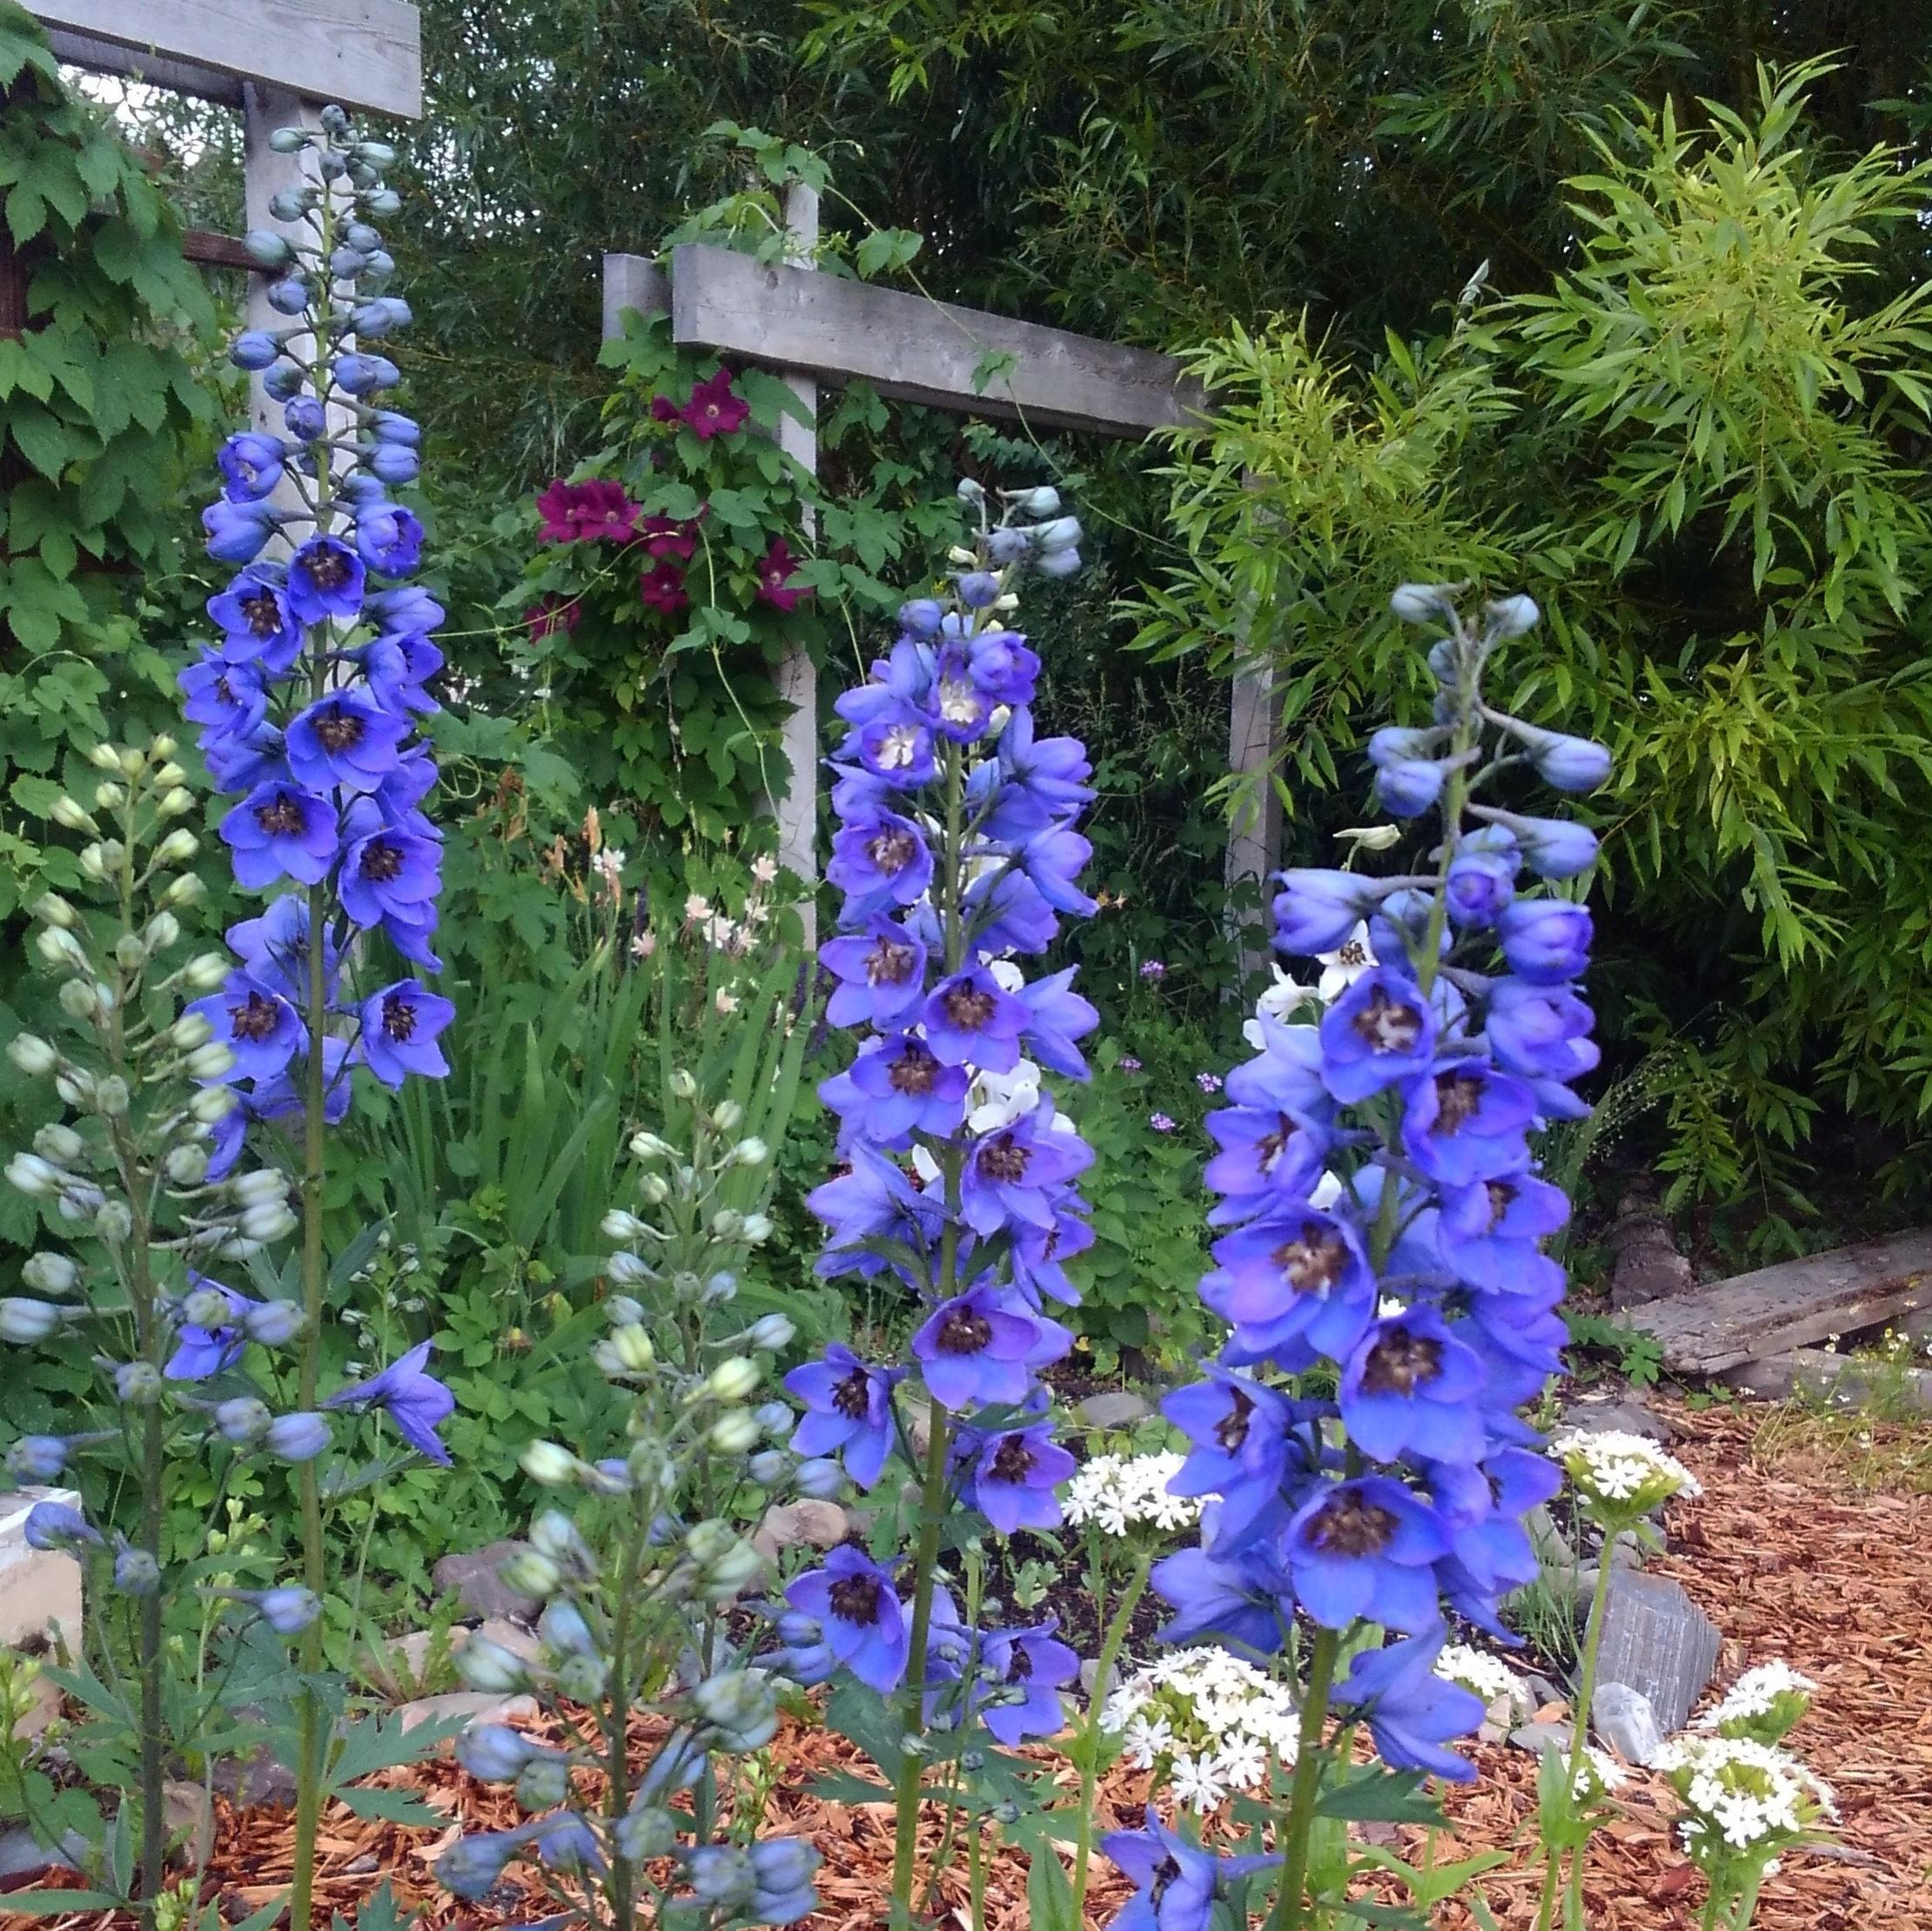 Blue Delphinium Flower Seeds Tall Delphinium Seeds Rare Etsy
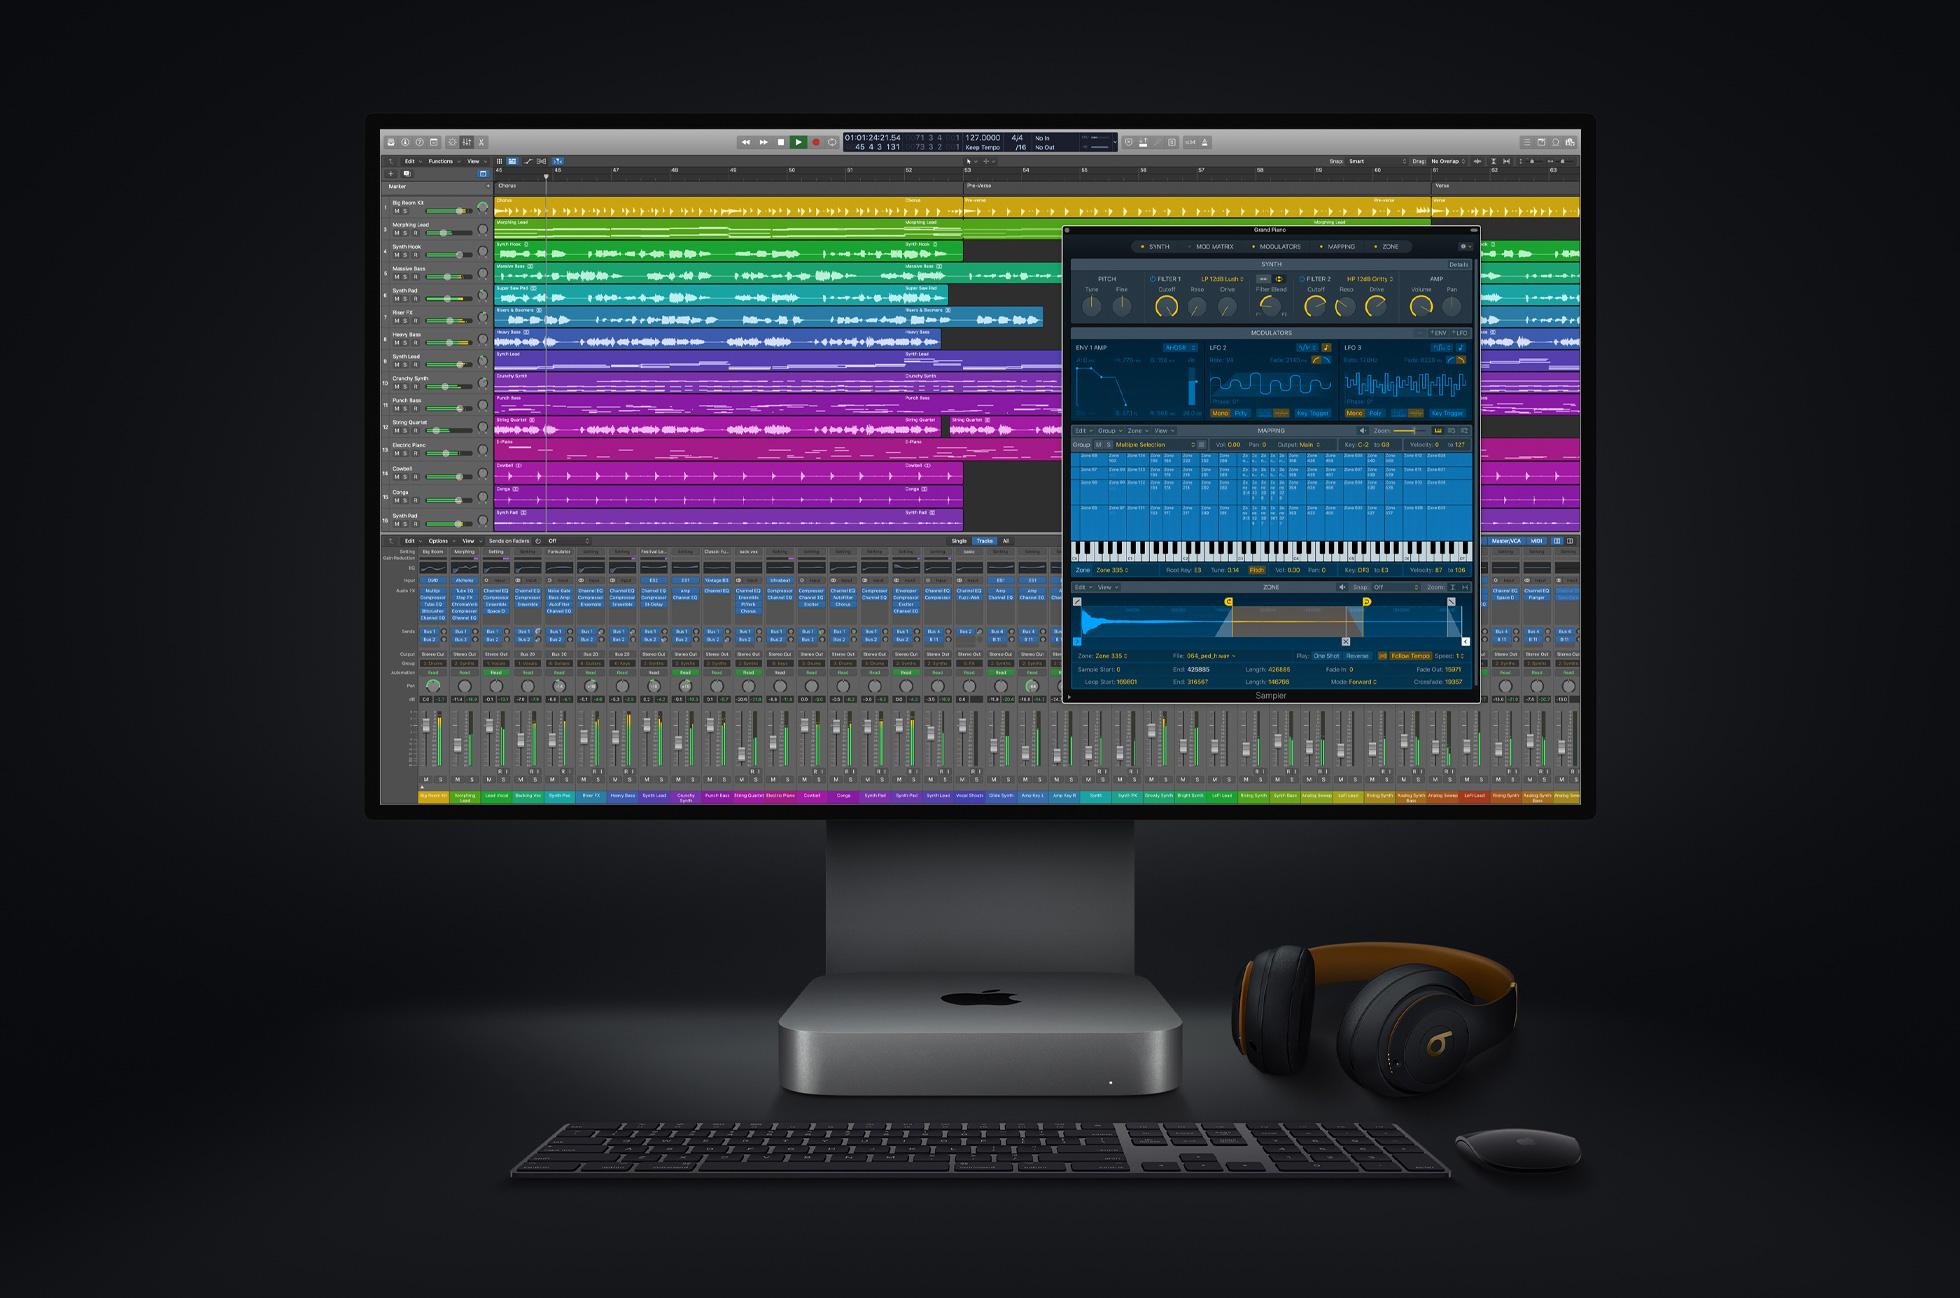 new mac mini logicpro screen
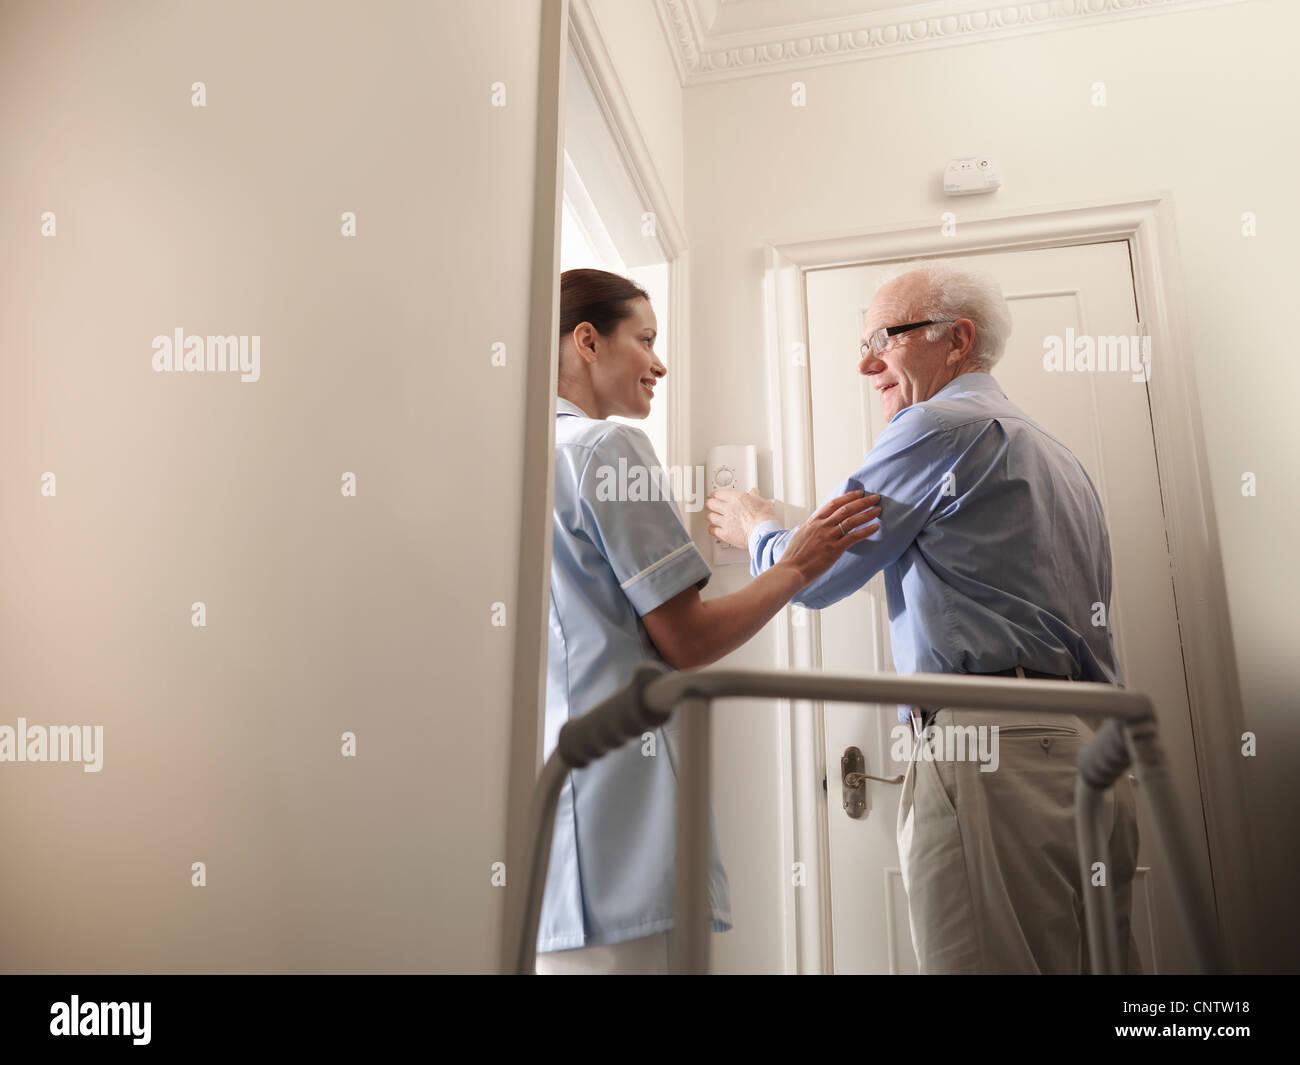 Nurse talking to older man in house - Stock Image

**Task details:** Give the data again exactly, without pictures.

**Answer:**
 Blue Delphinium Flower Seeds Tall Delphinium Seeds Rare Etsy
 new mac mini logicpro screen
 Nurse talking to older man in house - Stock Image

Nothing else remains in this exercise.